Experience suggests that financial inducements have little, if any, effect on people's behaviour. Divorce is costly, and even though women (and children) are hardest hit, they clearly feel that the price of freedom is worth paying because women initiate most divorces.

Nor do incentives look likely to encourage a younger generation to rush to the altar. First-time marriage rates are at their lowest level since 1889. Nearly half of the women born in the Sixties have cohabited, and a fifth of these are expected to give birth while living with a partner.

Beyond fiscal incentives, punishments and moral exhortation, the traditionalists have no grand idea, no practical solutions for strengthening young families or reversing the deterioration of their financial position. Instead, all the zealots have to offer is anger and bile.

Unfortunately, their capacity to fuel moral panic serves to polarise the debate among their opponents - especially an older generation of feminists who frequently find themselves taking up equally absurd positions: change is seen as inherently positive, few costs are recognised. Yet both positions are flawed: the "familists" because their moral authoritarianism means they are unable to cope with diversity and difference; the libertarians because their unwillingness to acknowledge that freedom has brought a new set of problems is motivated by the fear of giving ammunition to their opponents.

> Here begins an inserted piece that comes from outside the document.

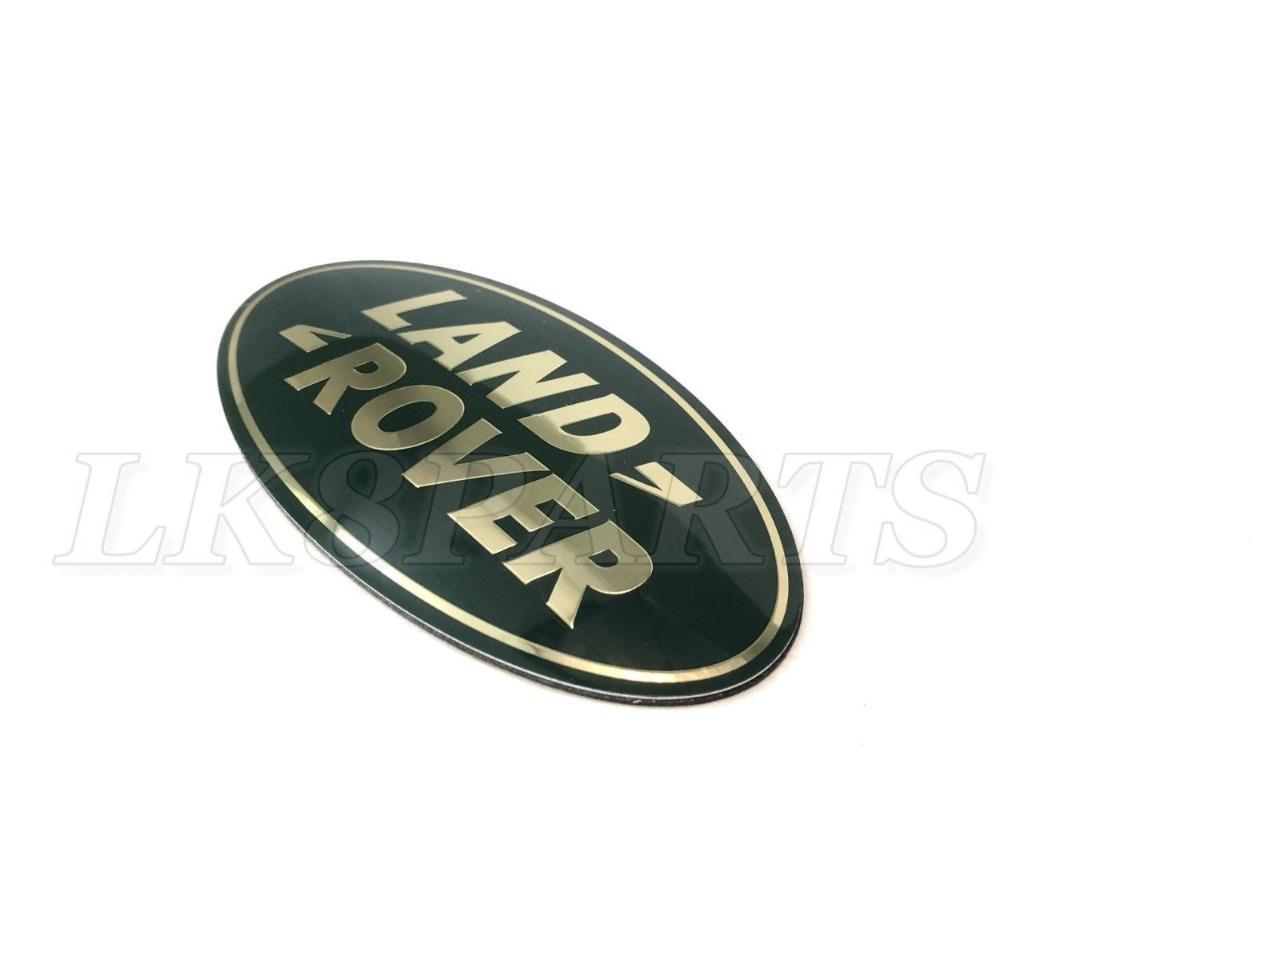 LAND ROVER FREELANDER 96-06 GRILLE BADGE GREEN ON GOLD GENUINE  DAG100330

What we need now is a debate that starts somewhere between apocalypse and complacency. A starting point would be an acknowledgement that families come in all shapes and sizes, outside marriage as well as inside, and that greater freedom has brought new problems, as well as new solutions, for cohabiting couples and married couples. But we also need to face the fact that while children need parents - and other adults - if they are to grow up happy, confident and stable, the best way to achieve this is not to bully or cajole unhappy parents to get married or to stay married or to make divorce more gladiatorial. We must help people to make deals and compromises rather than apportioning blame. But perhaps the real challenge is to engender a culture that puts the needs of children first, creating the practical conditions for good parenting rather than moralising over family form.

Of course, one piece of legislation cannot change a culture overnight. But Lord Mackay's proposed divorce reform is an important first step. This is why John Major should hold firm against those whose pessimism and lack of vision leads them to seek out scapegoats. After all, if they win, who will be next in the firing line?